La déconfiture numérique programmée de Delphine Ernotte.

Le numérique par ci, le numérique par là… Delphine Ernotte en a rebattu les oreilles de plus d’un  Elle n’a que ce mot-là à la bouche… La télévisions est morte ressasse-t-elle à l’envi !

D’où la soi-disant nécessité de virer environ 2000 salariés  (des départs volontaires selon elle) pour permettre la « recomposition des effectifs nécessaire à la transformation » et surtout  pour aller  « chercher les jeunes là où ils se trouvent, sur le numérique ».  Il faudrait de nouveaux profils rajeunis en interne plus tournés vers les nouvelles technologies à la pointe du média numérique mais aussi concurrencer Netflix.

Quelle mascarade!

Si la télévision publique n’est pas encore morte, c’est presque un miracle. Ce n’est pas faute depuis l’été 2015 d’avoir tout fait pour la tuer ! A France Télévisions, l’atmosphère n’a jamais été si délétère et les collaborateurs plus remontés les uns que les autres  abasourdis de voir leur outil de travail ainsi cassé au quotidien.

Le numérique roi, l’arlésienne Salto, les nouveaux modes de consommation tv, etc…vous n’entendez que ça. La semaine qui s’écoule et qui a fait mentir Ernotte une fois de plus, annonce pourtant l’imminente déconfiture à venir.

Ce weekend, après le HuffPost et BuzzFeed, le groupe Vice media a annoncé qu’il prévoyait de réduire de 10% son personnel, soit 250 postes, un nouveau coup dur pour le secteur des médias numériques encore florissant il y a quelques années.

Si Vice était, lors de son lancement en 1994, un magazine de contre-culture qui est peu à peu devenu une société d’édition valorisée à plusieurs milliards de dollars, le groupe a progressivement perdu en audiences.  Sa chaîne Viceland, lancée en 2016 en fort déficit (100 millions environ en dessous du chiffre d’affaires annoncé à 805 millions de dollars pour 2017) n’a réuni en fin de compte réuni que très peu de téléspectateurs.

Ces coupes interviennent peu après le malaise au sein des sites BuzzFeed News –qui prévoit de se séparer de 300 employés au total– et HuffPost, qui a congédié 10% de sa rédaction, soit 20 personnes. S’il n’y avait que cela pour montrer à celles et ceux que le numérique est loin, très loin d’être la panacée…

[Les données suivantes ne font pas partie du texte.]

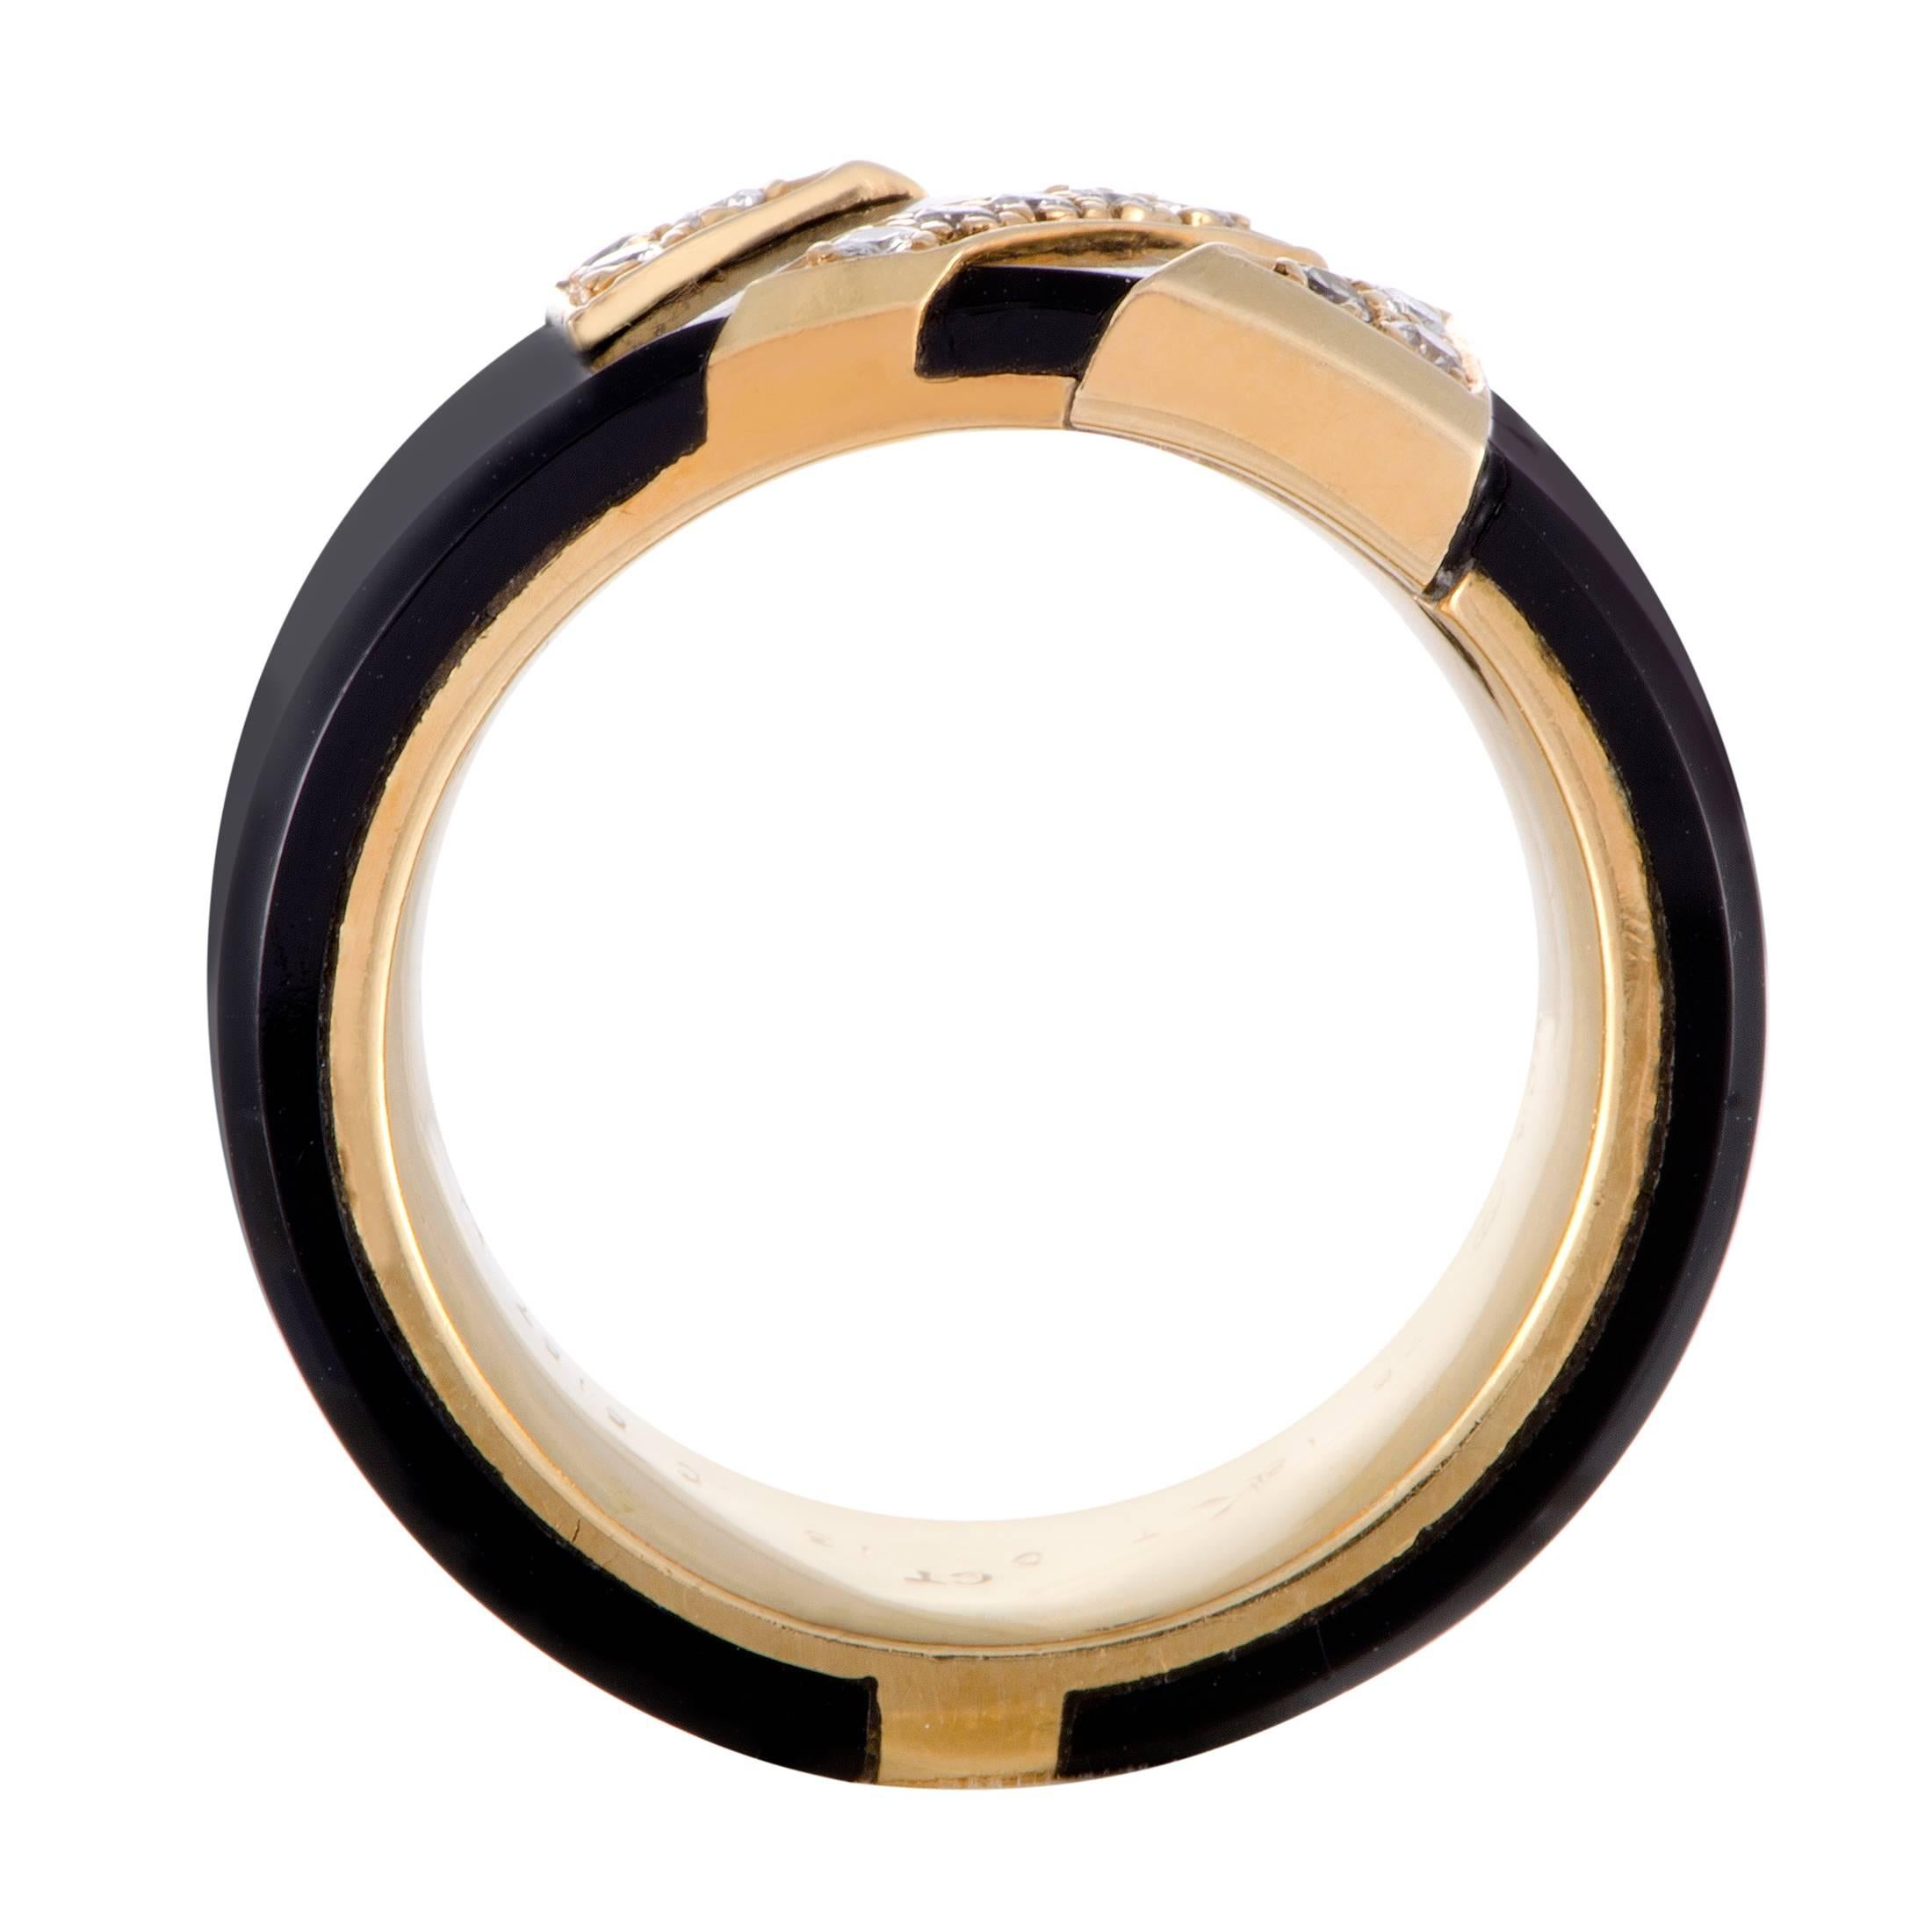 Exuding contemporary elegance with an intriguing twist, this remarkable band from Van Cleef & Arpels is made of radiant 18K yellow gold and captivating onyx while 0.13ct of glittering diamonds add a luxurious final touch.
Band Thickness: 8mm

La plateforme de streaming Molotov TV devenu depuis son lancement en 2016 l’un des services les plus populaires en France pour accéder aux chaînes de télévision, les enregistrer et accéder aux services de replay, tombe dans l’escarcelle d’Altice.

Selon les informations fournies par la société qui dit compter 7 millions d’utilisateurs en France, Altice qui opère dans l’Hexagone sous le nom de SFR –  également présente dans le domaine du média…. entre autres via NexRadio Tv (BFM TV, BFM Business, BFM Paris, RMC Story et RMC Découverte), Libération et L’Express et qui détient pour info les droits de diffusion de la Ligue 1 – devrait  reléguer au grenier l’arlésienne Salto dont plus personne ne voit l’intérêt… si tant est qu’il y ait eu un intérêt un jour !

Grâce à cette entrée, les abonnements à des chaînes comme Canal+ et BeIN Sports deviennent plus faciles. Les restrictions relatives à TF1 et M6 (pas d’enregistrement possible, ni de replay) vont aussi disparaître. Par ailleurs, la plateforme profitera de la force de frappe d’Altice pour mieux vendre ses produits.

Tout ça ne va pas arranger « Salto projet toujours dans les limbes »   qui devrait  selon Delphine Ernotte qui s’exprime donc au nom de TF1 et de M6, permettre de « participer activement au rayonnement de la création française et européenne ».

L’État actionnaire devrait, selon plusieurs sources, arrêter les frais.